Brian Haney, CAE
Brian Haney, CAE, is founder and CEO of The Haney Company.
If you want productive, motivated, and happy employees, they need to feel heard, be engaged, and have a sense of belonging. A look at some strategies for improving both workplace culture and employee well-being.
Employees who feel disregarded by their organization are more likely to get frustrated, feel burnt out, and quit. Forbes listed being unheard by supervisors and feeling “overlooked or ignored” as two of the top ten reasons employees leave their jobs. This can devastate employee retention rates, increasing hiring costs and making it challenging for employers to keep talented workers.
Conversely, a study by workforce management organization Ultimate Kronos Group (UKG) found that organizations are more likely to perform well financially when employees feel heard and engaged and have a sense of belonging.
Although employers thought 2021 was the year of the Great Resignation, the trend continued into 2022 and may impact 2023 as well. As the talent market continues to evolve, employers that invest in creating a culture of openness will stand out. There are several strategies employers can deploy to make workers feel seen and heard, improve culture, and ultimately boost retention and attraction rates, increasing employee engagement and positively contributing to organizational culture.
We all want to be seen for who we are as individuals, not just for what we can do. Creating intentionality around a workplace culture that values people beyond their job descriptions is critical. Being heard may mean different things to different people; however, employees generally feel heard when they’re included in decision- making processes. Allowing employees to have a say in how things are done makes them feel like their opinions are valued and instills a sense of control over their work life. Fostering two-way communication can also significantly improve employee well-being and loyalty.
Research from UKG showed that 86 percent of employees feel that different voices at their organization aren’t heard fairly, with almost half (47 percent) saying underrepresented voices, such as those of young and essential workers, are less valued by their employers. Meanwhile, 63 percent of workers feel their employer has ignored their voice, and 75 percent don’t feel heard on critical issues, such as safety, benefits, and time-off requests. As a result, 34 percent of employees would rather quit or switch teams than voice their genuine concerns to management.
When leaders demonstrate vulnerability by being open to feedback, it cultivates positive behaviors in staff.

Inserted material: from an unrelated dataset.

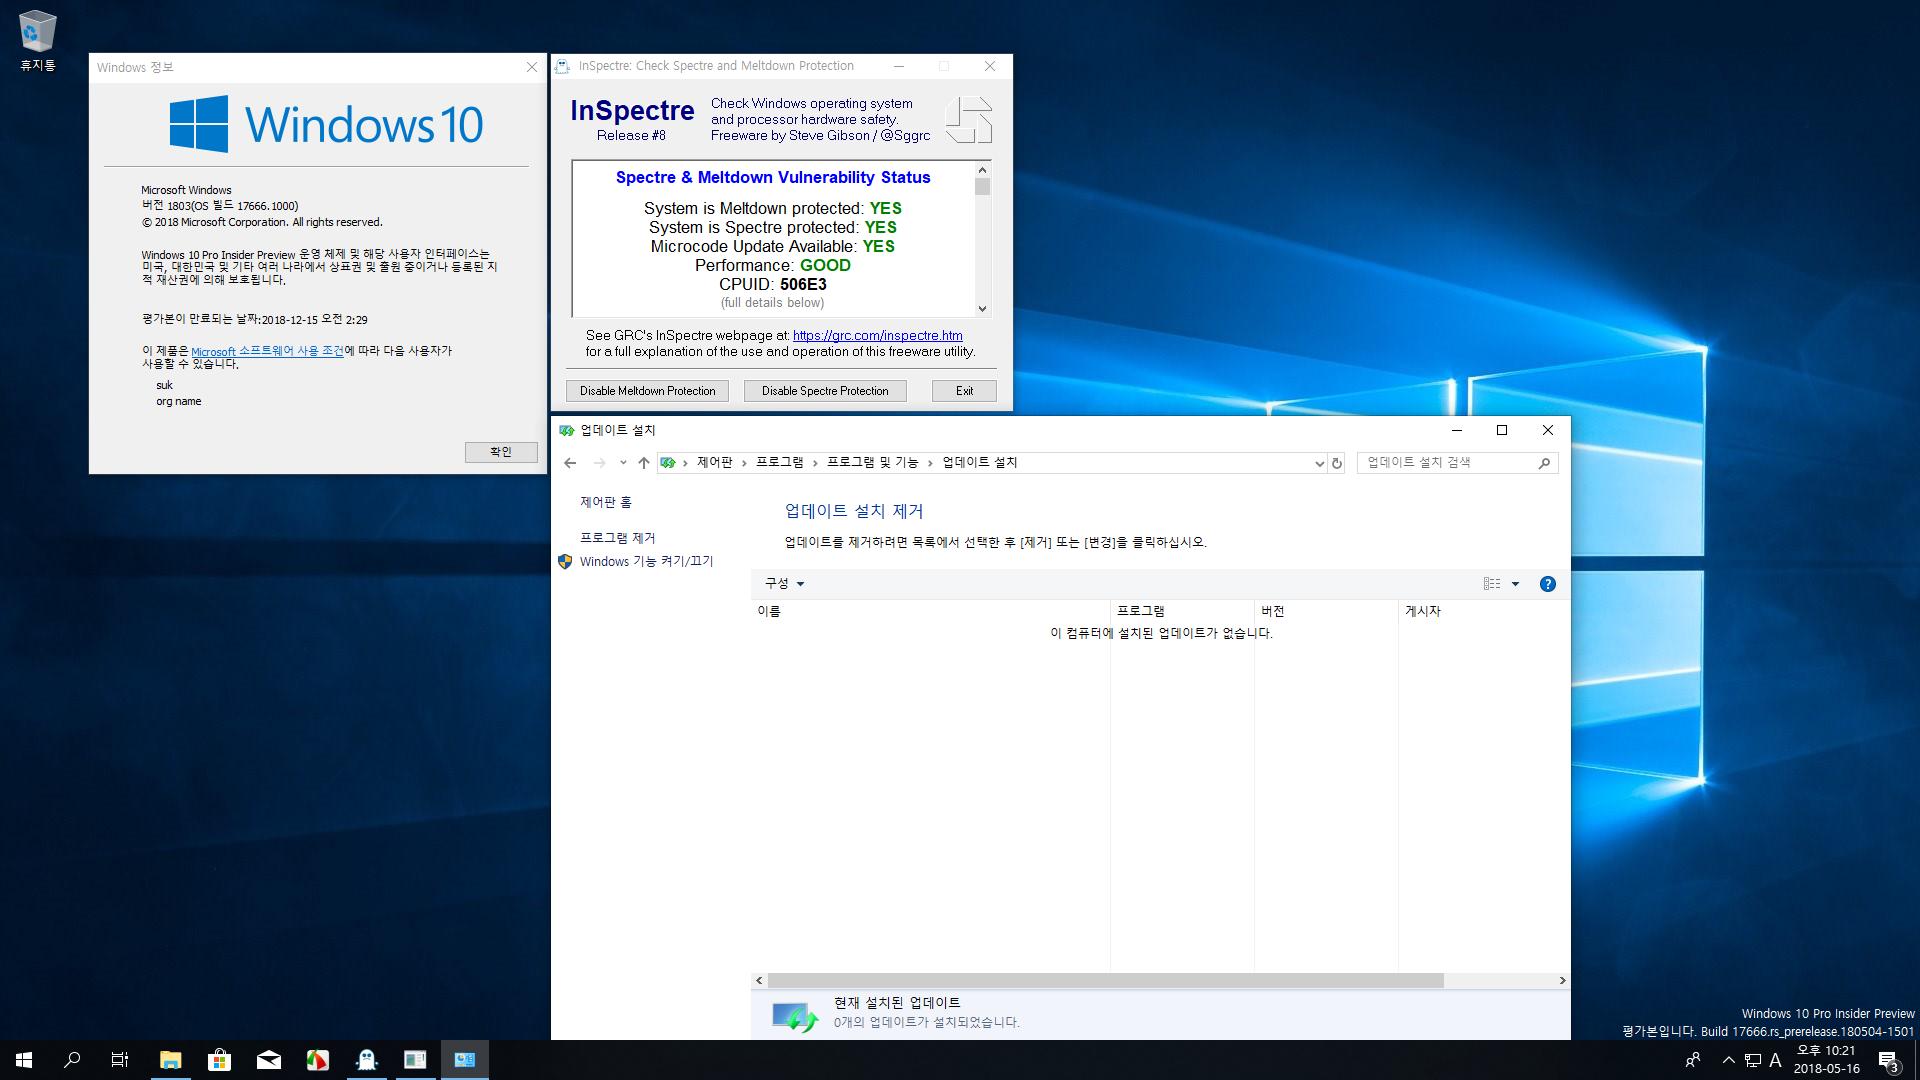 윈도10 레드스톤5 인사이더 프리뷰 최신 17666빌드로 인텔cpu 버그 [멜트다운과 스펙터] 패치 여부를 확인합니다 2018-05-16_222124.png

It should come as no surprise that organizations that effectively listen to employees see vastly different responses regarding employee productivity. Most employees (74 percent) report being more engaged and effective when they feel heard at work, and 92 percent of highly engaged workers feel listened to in the workplace, compared to 30 percent of highly disengaged workers. Clearly actively listening and responding to employees is crucial for a productive and loyal workforce.
Creating a culture where employees feel their opinion is valued relies on several factors. Employers should consider the following four strategies to help workers feel valued:
Encourage communication. Let your employees know you want to hear from them. The Workforce Institute at UKG [PDF] found that 47 percent of employees are more likely to share feedback anonymously, via a third-party site such as Glassdoor or Indeed, than through internal channels. This is primarily caused by employees feeling ignored (63 percent) by managers or employers, not taken seriously (34 percent), or not cared about (35 percent). This can be a serious issue because, if employees aren’t willing to provide feedback, employers will remain unaware of potential problems. Therefore, it’s crucial to proactively ask for feedback. For the best results, this should be done through multiple channels, such as internal surveys and one-on-one meetings with supervisors.
Respond to employee concerns. Hearing is only one part; responding to the feedback being given is the next critical step. Employees are unlikely to provide feedback if they believe their opinions will be ignored. Unfortunately, 40 percent of employees don’t think their input leads to actionable organizational change, according to UKG. Employers must embrace constructive criticism by actively listening to employees, addressing concerns, and being transparent about workplace decisions.
Focus on employees as people. A recent survey Gallup found that fewer than one in four American workers strongly believe their organization cares about their well-being. Demonstrating to employees they are valued goes a long way toward making them feel their opinions matter. Employers can do this by allowing them autonomy in certain areas, such as offering flexible scheduling, remote work options, or employee growth opportunities beyond mandatory training. Offering employees mentorship can also improve retention.
Lead by example. Leadership plays a crucial role in making workers feel valued. When leaders demonstrate vulnerability by being open to feedback, while encouraging collaboration and idea sharing, it cultivates positive behaviors in staff. Leaders should be encouraged to view feedback as constructive criticism, not a personal attack. Understanding critical aspects of emotional intelligence—such as active listening, body language, and eye contact—can also help employees not feel dismissed or ignored when voicing concerns.
When employees feel chronically overlooked and unheard, the results are high rates of turnover, poor attraction rates, low employee morale, and worsened productivity. That’s why associations must create a culture and working environment that draws unique people in, encourages them to grow, and empowers them to be the best versions of themselves.